In the earnings module the mechanism for working after retirement did not work as intended. During the course of simulation, many of those who had stopped working earlier suddenly decided to return to work after drawing their pension (Figure 2). Of course, such behavior is not plausible on a larger scale.
The Finnish pension system allows full-time employment even after retirement on an old-age pension. However, wage earnings for old-age pensioners are typically quite low. The misspecification therefore did not have a major impact on the main results and was not observed in comparison with the LTP macro model.
In the ELSI model earnings are calibrated with the LTP model. In practice, this is done by comparing projected average earnings each year by gender, population state and age. Any deviations imply changes in the ELSI model’s parameters.
In the LTP model, working after retirement is not modeled in detail, and the relevant point of reference is provided by the corresponding statistical figures. In the ELSI model, the share of new retirees working after retirement is the same as in the observed statistics. Trajectory analysis showed that the pool of retirees working after retirement also included individuals who had not worked in the year preceding retirement, which was not intended.
Following the trajectory analysis of simulated earnings, the ELSI model was recalibrated appropriately. There was no change in the aggregate figures, namely wage sum and number of people working after retirement.
Trajectory analysis is not yet routinely part of ELSI model testing, but it could be incorporated as part of its validation procedures.
3.1.1.1. Composition of trajectory groups
Checking the composition of the groups is a good way to validate also the trajectory analysis results. It is good practice to cross-tabulate the trajectory groups by the available background factors of the microsimulation. We have added an example which shows the labor market state or population state of earnings groups (k = 5) at age 60 in the simulated life-course (Figure 3). Depending on the available information of the microsimulation model, also other background factor could be cross-tabulated.
The labor market states (Table 2) confirm the earnings trajectory results. The high and stable wage earnings (employment) group G4 (29%) consists of people who are mainly (89.9%) in active labor market states. The weak attachment group G1 (8%) consists of individuals who had a disability or inactive status at the time. Also the share of deceased (15.5%) is higher in this group than in the other groups, which is quite natural. Another weak attachment group is G3 (17%), where the share of disabled and inactive individuals is relatively high compared to the other groups.
3.2. Education trajectories: class outcome
In this second example we continue to study the young cohort born in 1995 and illustrate a simulated life-course in terms of education level. This cohort finishes compulsory education at age 16 (in 2011). The subsequent education dynamics is simulated in the education module of the ELSI model.

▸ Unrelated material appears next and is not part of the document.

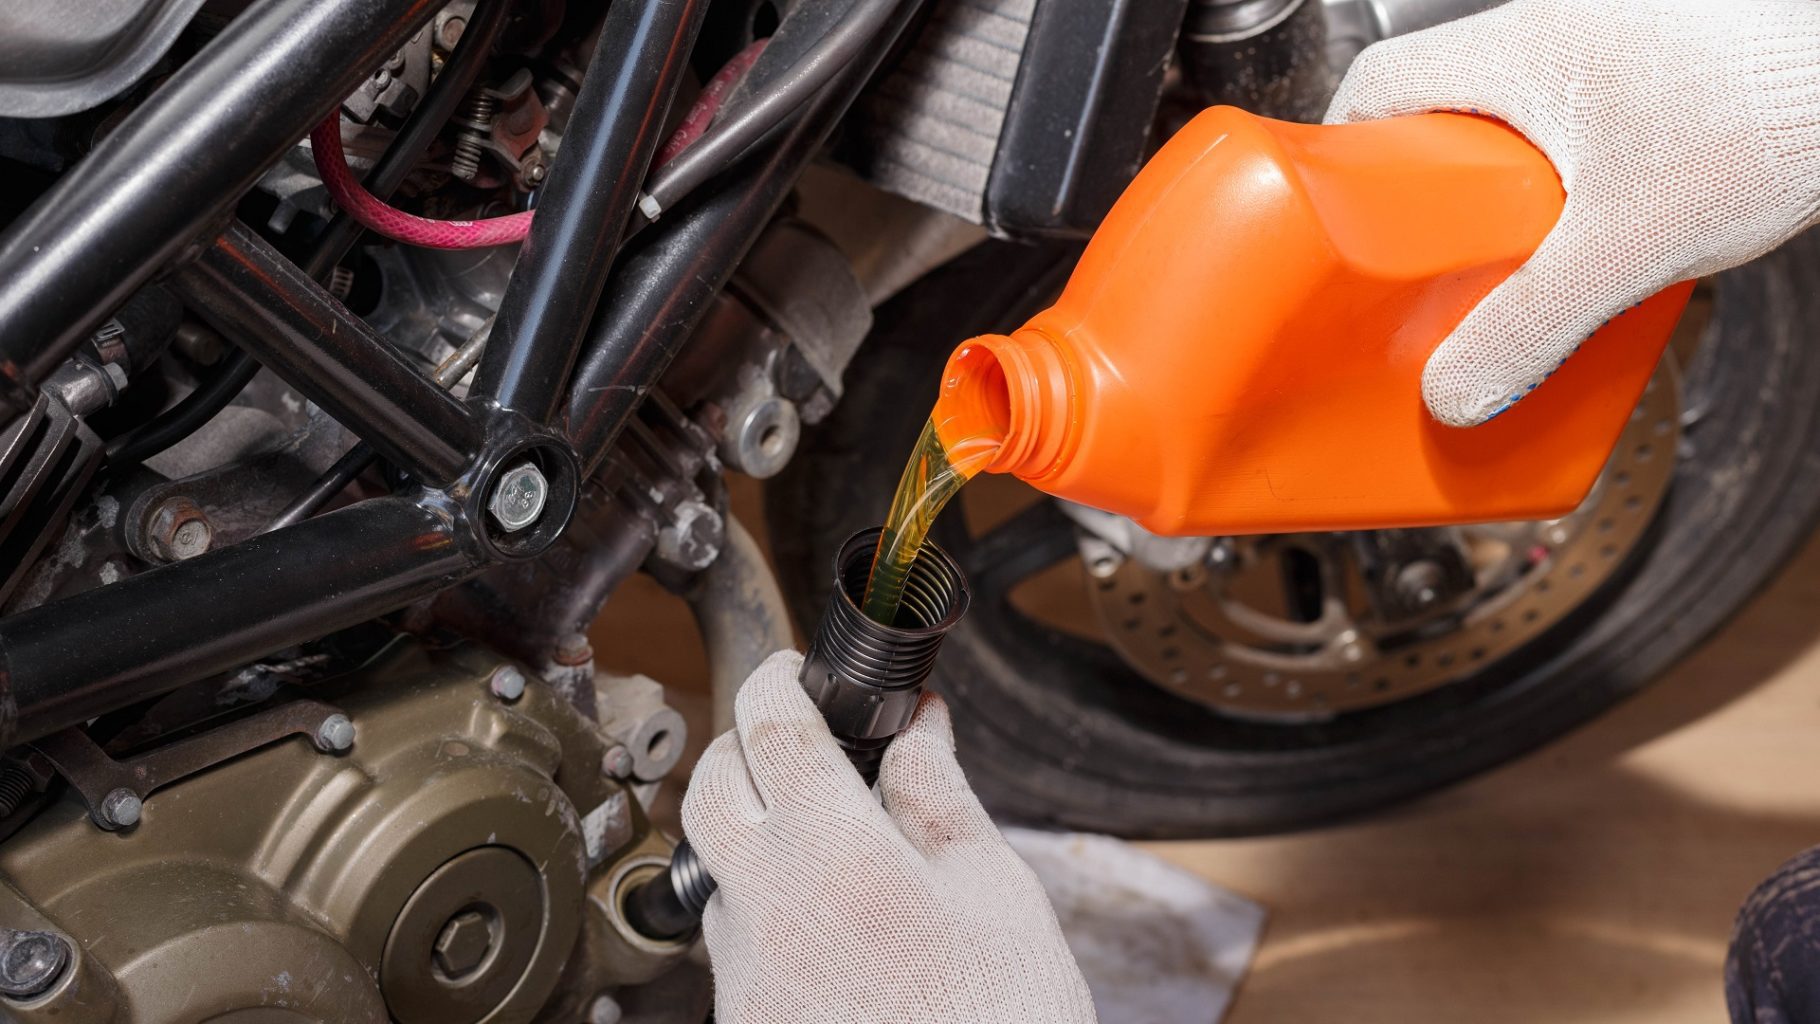 How to Change Oil on a Motorcycle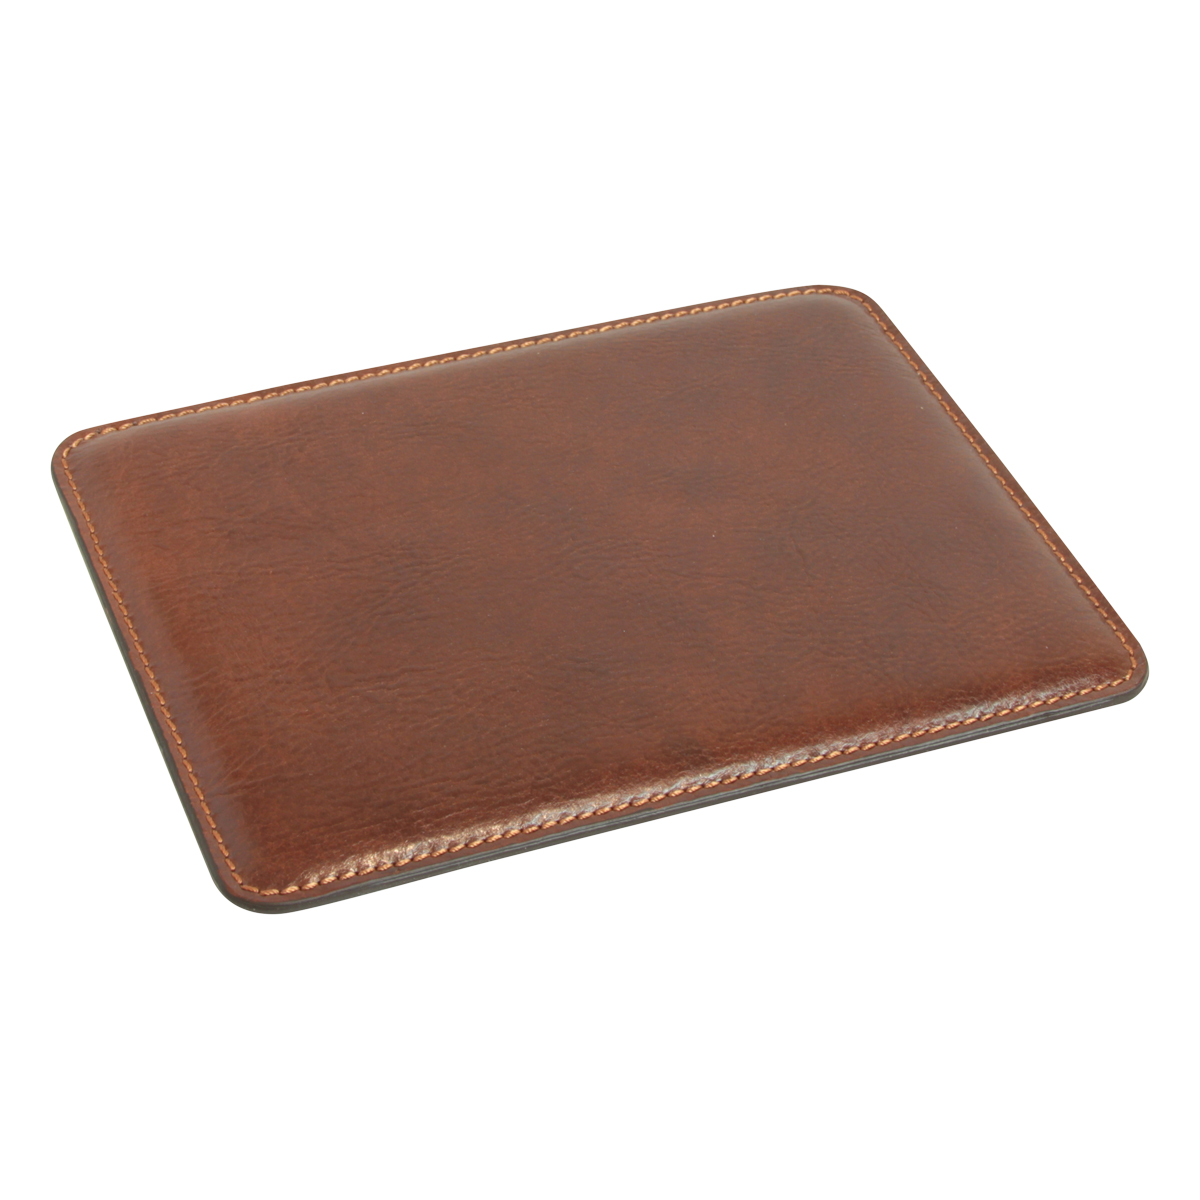 Leather Mouse pad - Brown | 752005MA | EURO | Old Angler Firenze

The example shows a trajectory analysis with class-level outcome data. The distribution of the levels of education skewed to left (low education), therefore the outcome is modeled using the zero-inflated Poisson model. Yearly individual education information records the highest level of education. In practice, each individual level of education either remains unchanged or rises during the course of the simulation. Individuals enter the model at age 18 when 99% are at the basic education level. The ELSI model includes four levels of education: 0 = basic education (ISCED 0–3), 1 = secondary education (ISCED 4), 2 = lower academic degree (ISCED 5, 5B) and 3 = higher academic degree (ISCED 5A, 6).
The BIC score (Table 1) indicates that a six-group solution yields the best fit for the education outcome, but we also present the four-group and five-group solutions. Figure 4 shows that with the six-group solution, the smallest group comprises no more than 2% of the population.
The trajectory means clearly show how education dynamics play out in practice. For example, education increases sharply until around age 30, and then is virtually stagnant at age 40. In the four-group solution, the results are dominated by the final education level. The four-group and five-group solutions show adult and further education in action, with 6–7% of the cohort still on an upward education trajectory at later ages (k = 5: 6%, k = 6: 7%).
Overall, we have observed that 20% have a low education, 40% complete secondary education, 21% complete a lower university degree and 15% a higher university degree.
3.3. Pension trajectories: continuous outcome
The cohort in this third example was born in 1960. For this cohort, earnings, labor market state, accrued pensions and disability pension data are covered up to age 52 (in 2012). Thereafter, pension stock and new pensions are simulated in the ELSI model’s earnings-related pension module.
The example shows a trajectory analysis with continuous normal data. The outcome variable is earnings-related pension (log euros/month), excluding survivor’s pensions, expressed in nominal value. If an individual is not retired (not yet retired or deceased) the outcome value is zero, otherwise the individual is retired and receives a pension (Figure 5). The level of pension is determined by current pension rules for different types of pension benefit, such as disability pensions, partial old-age pensions and old-age pensions.
Pension levels are affected by two factors. First, the most important factor that affects all retirees is indexation: earnings-related pensions are index-linked to prices (80%) and wages (20%). Second, some individuals continue to work while drawing their pension, which accrues additional pension benefits.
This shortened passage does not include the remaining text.